**WHAT THIS TASK INVOLVES:**
Go through the data and copy every line exactly, but not the images.

**DATA EXTRACT:**
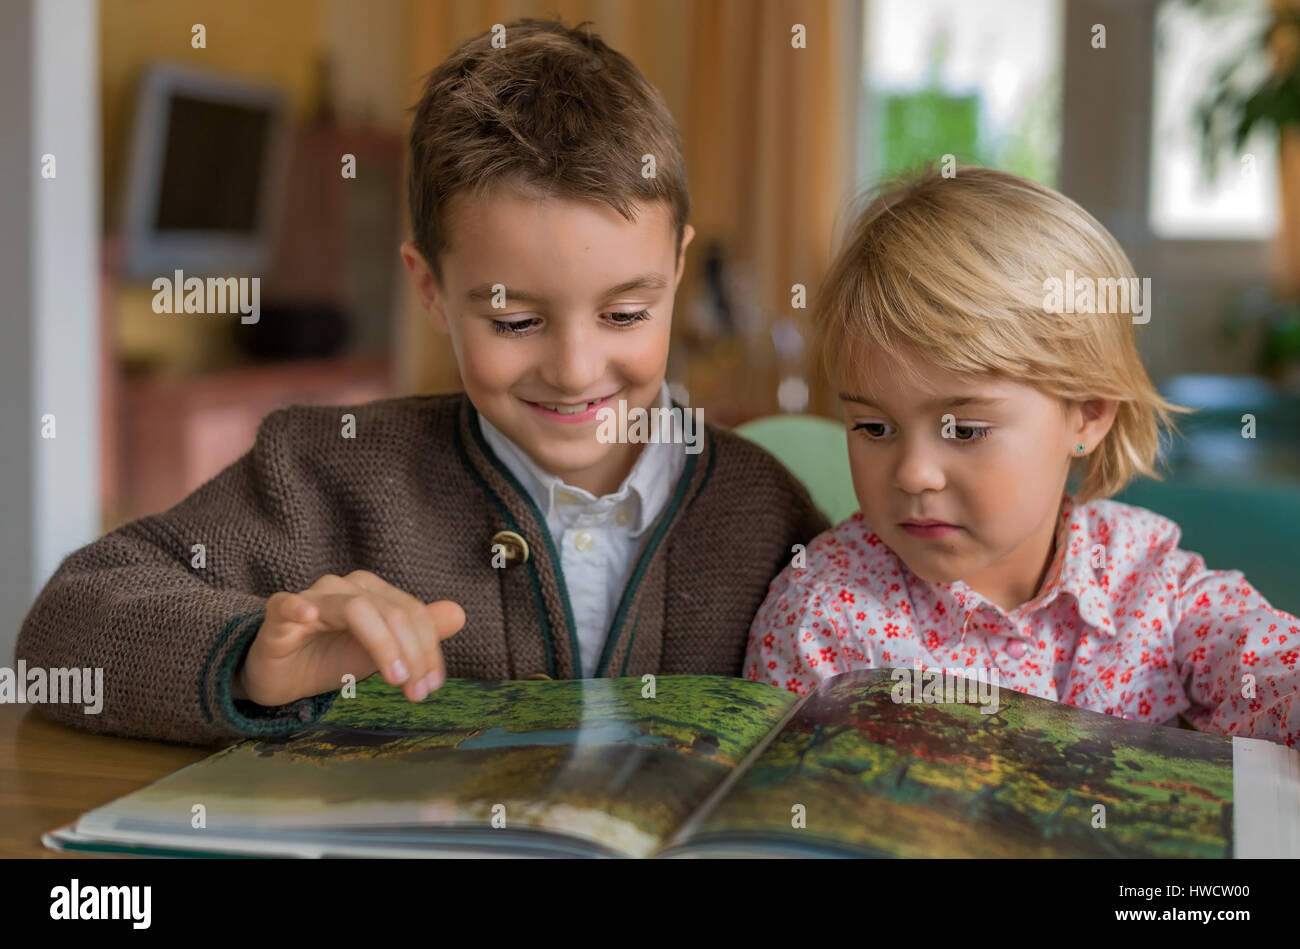 Two children have a look together at a book, Zwei Kinder sehen sich zusammen ein Buch an Stock Photo
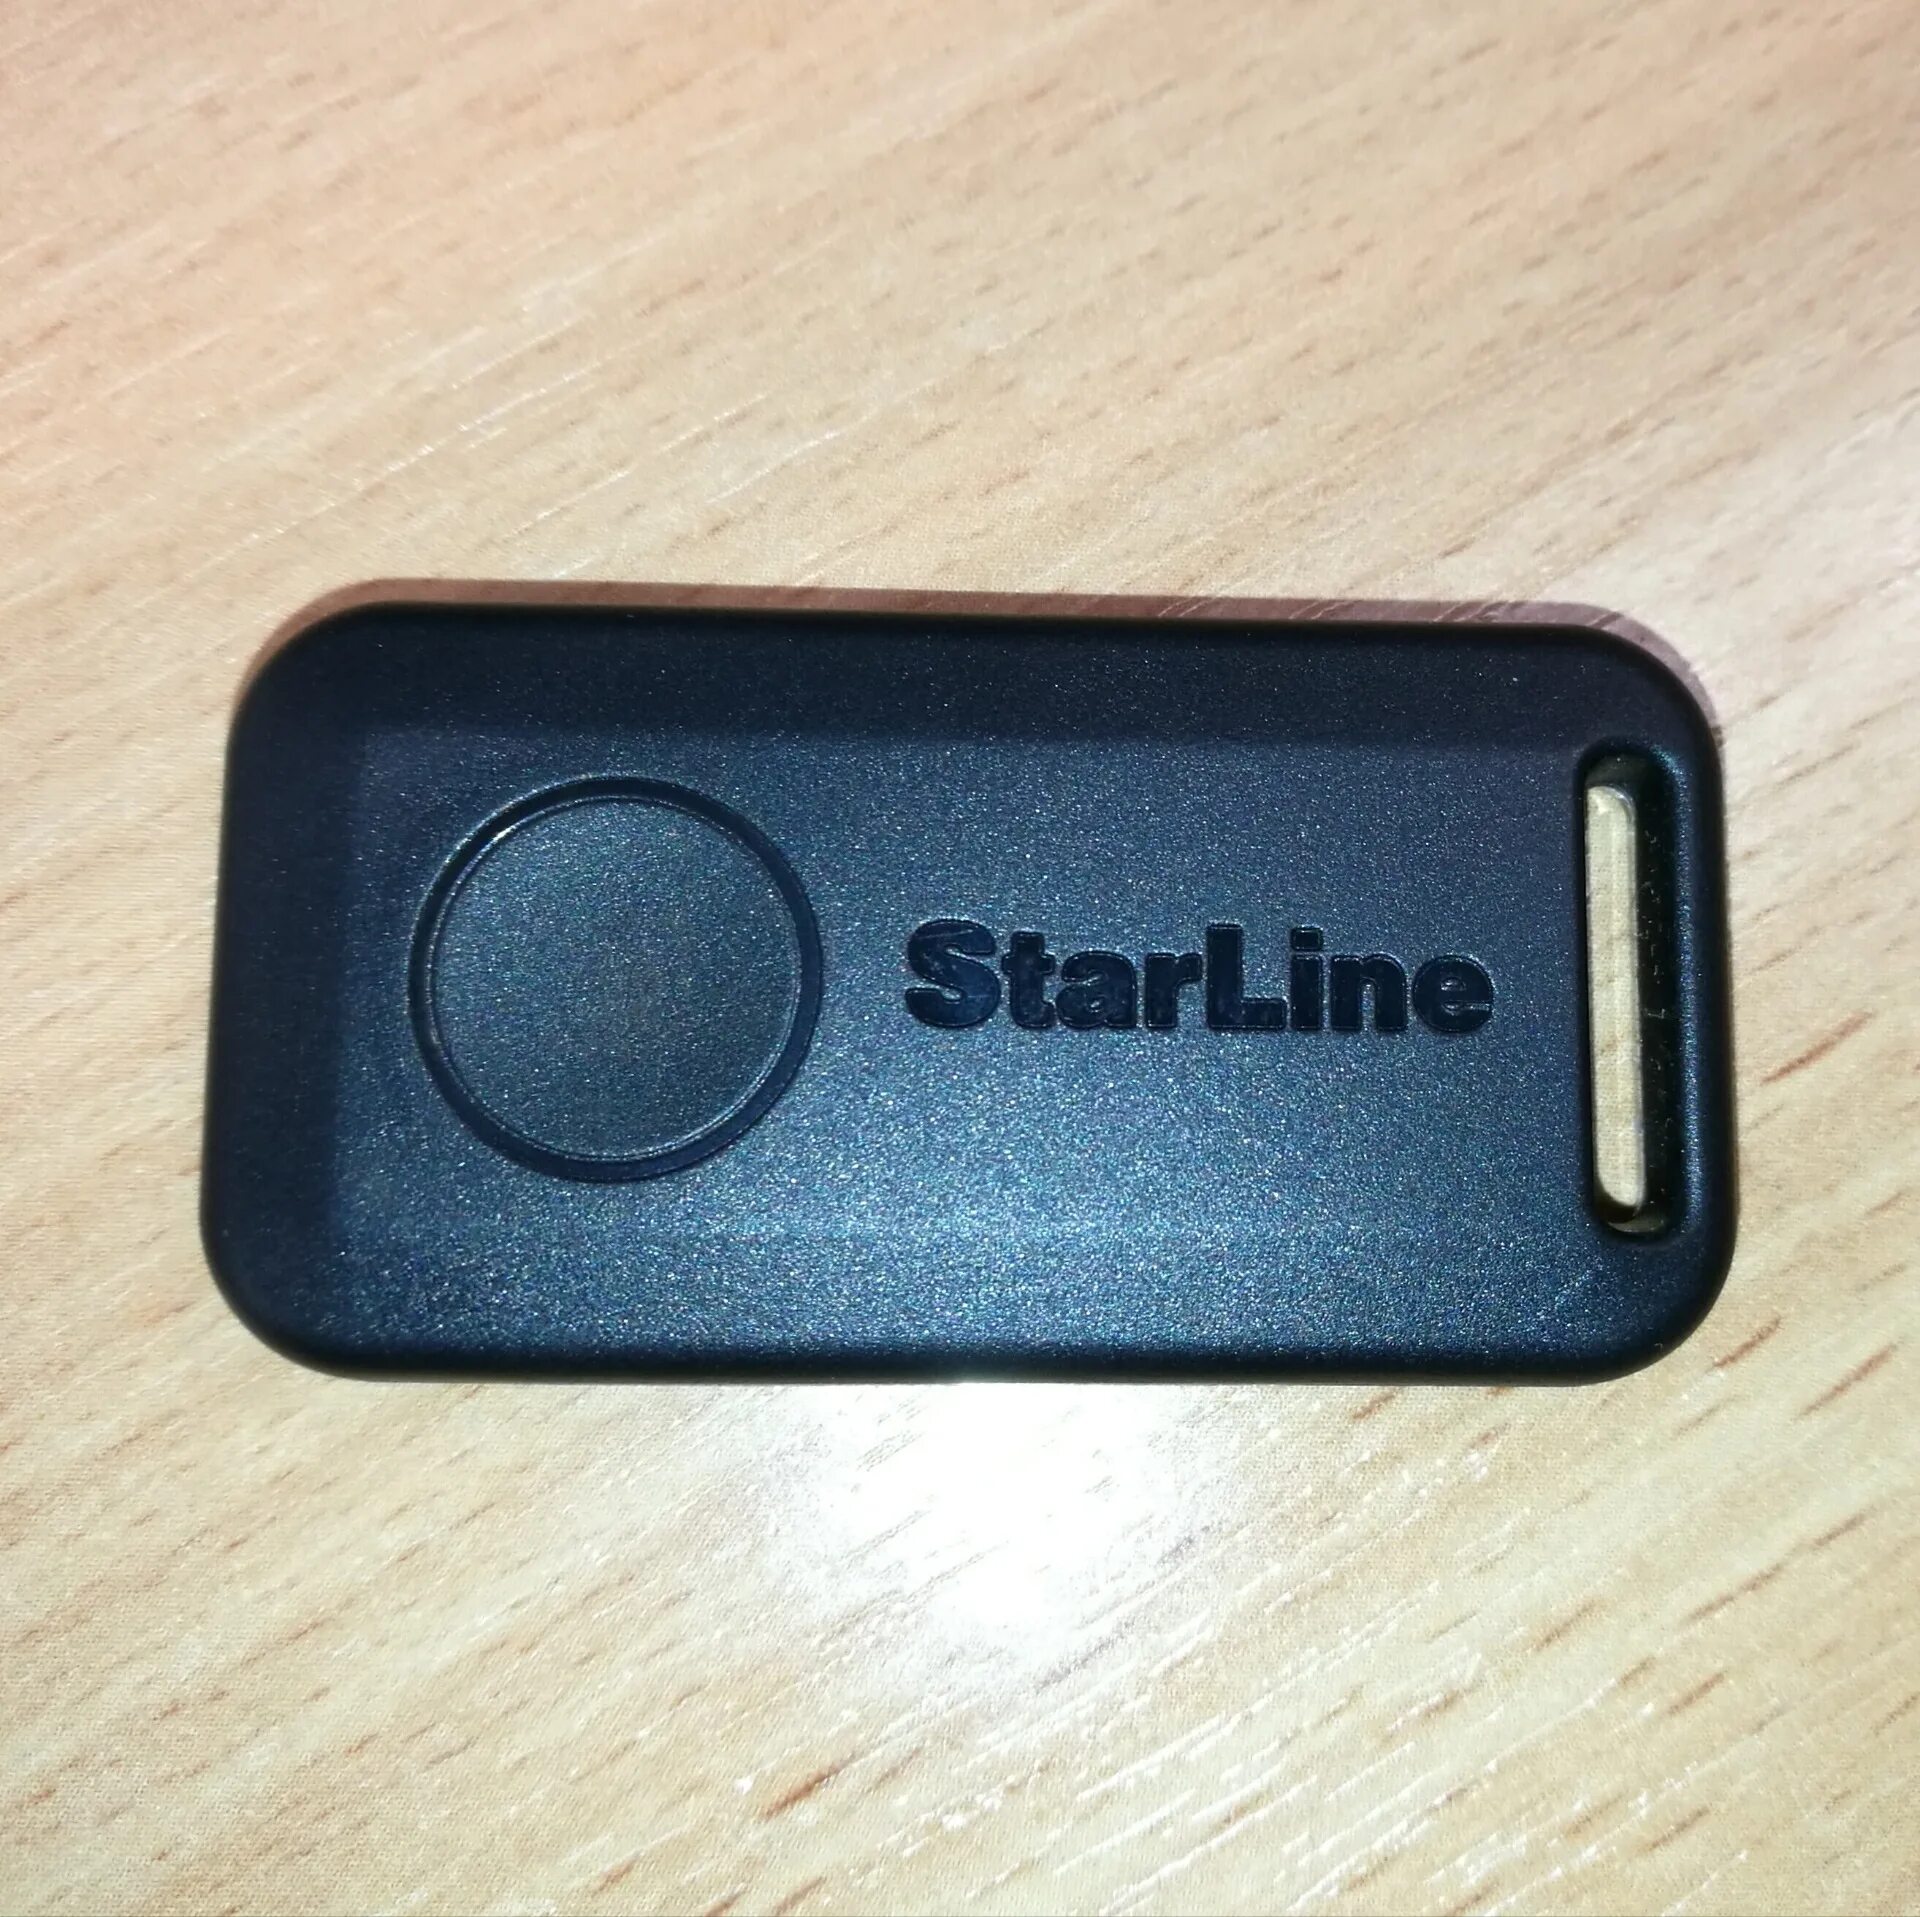 Метка е96. Метка STARLINE s96. Старлайн s96. Сигнализация STARLINE s96 v2. STARLINE a96 v2 брелок.
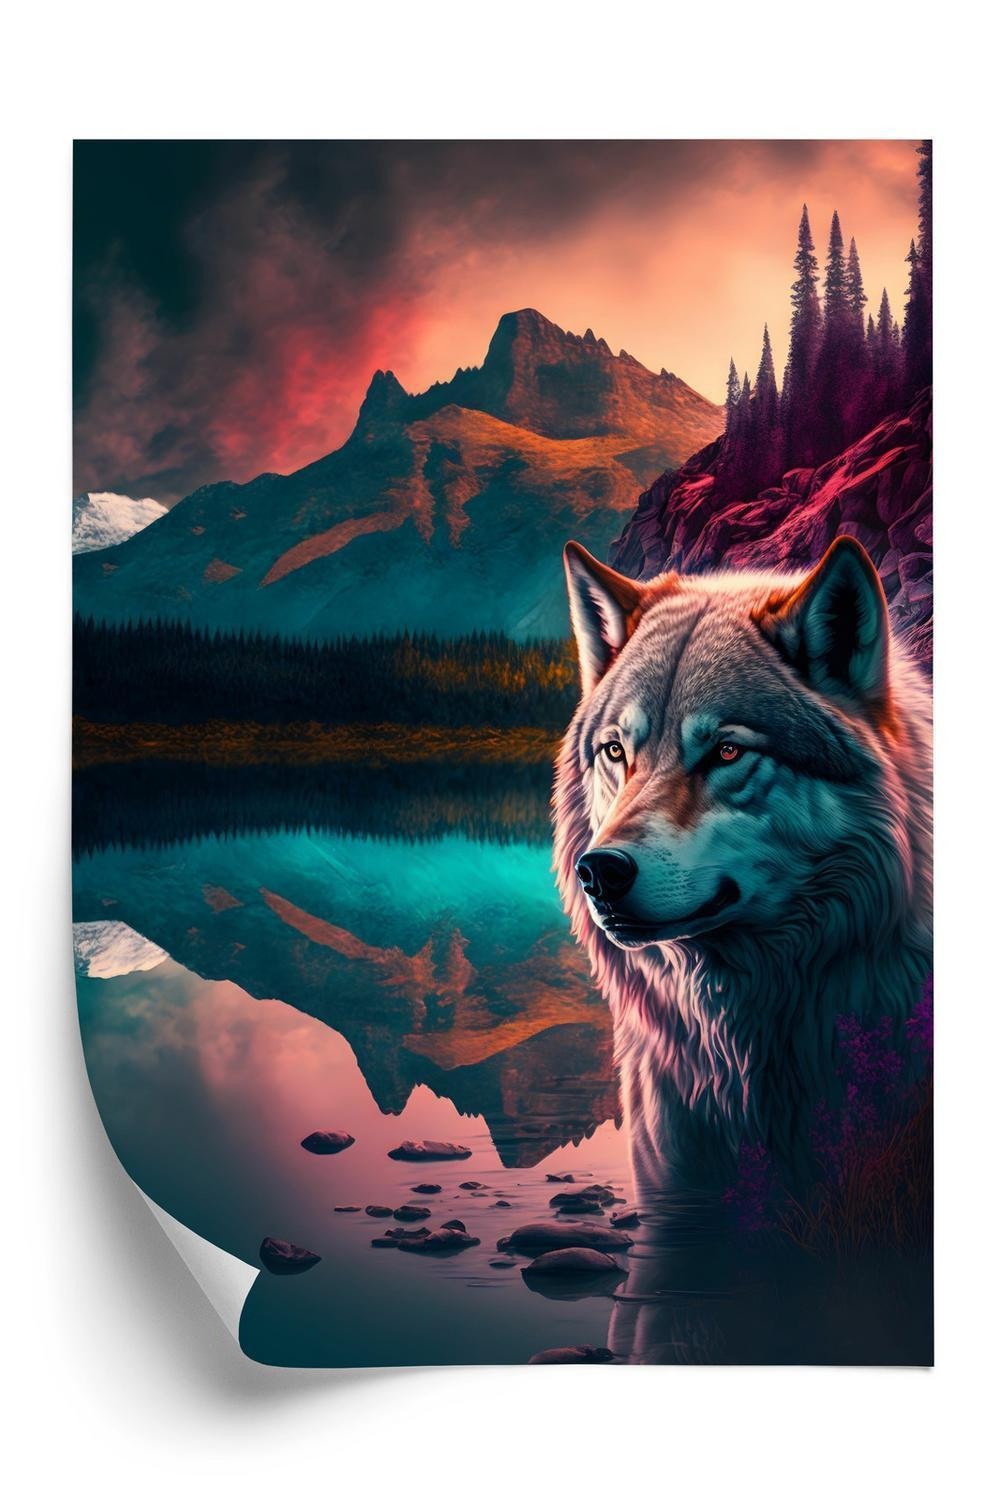 Plakat - Majestætisk ulv oplyst med levende farverigt lys i bjergene
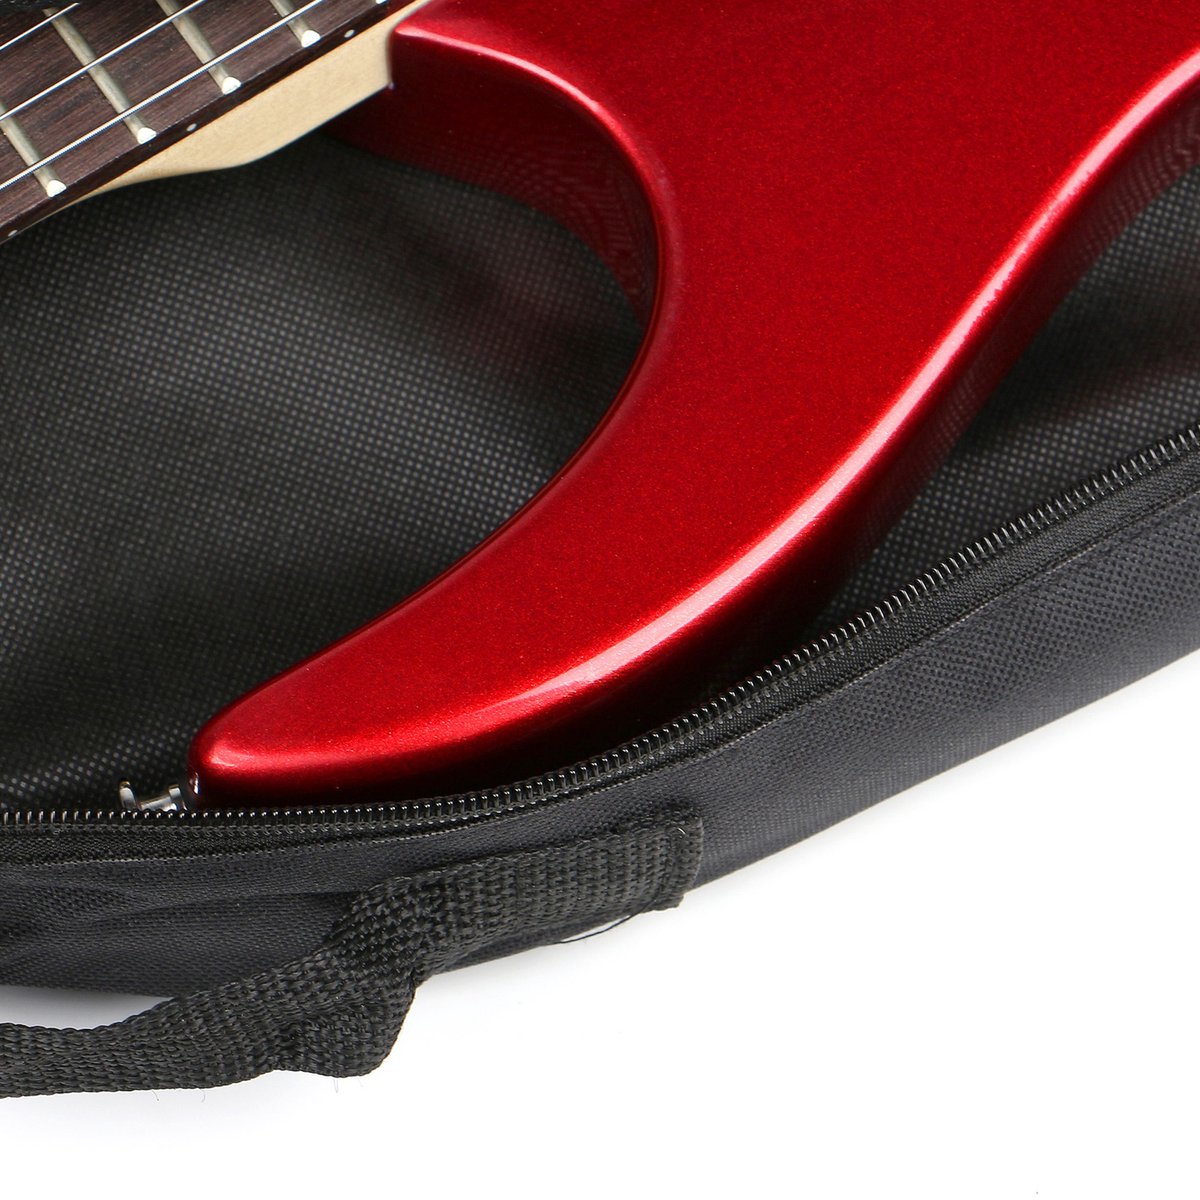 Fender FE 620 Electric Guitar Gig Bag, Black « Housse guitare électrique

**RESPONSE AREA:**
 Two children have a look together at a book, Zwei Kinder sehen sich zusammen ein Buch an Stock Photo
 Метка е96. Метка STARLINE s96. Старлайн s96. Сигнализация STARLINE s96 v2. STARLINE a96 v2 брелок.
 Plakat - Majestætisk ulv oplyst med levende farverigt lys i bjergene
 Fender FE 620 Electric Guitar Gig Bag, Black « Housse guitare électrique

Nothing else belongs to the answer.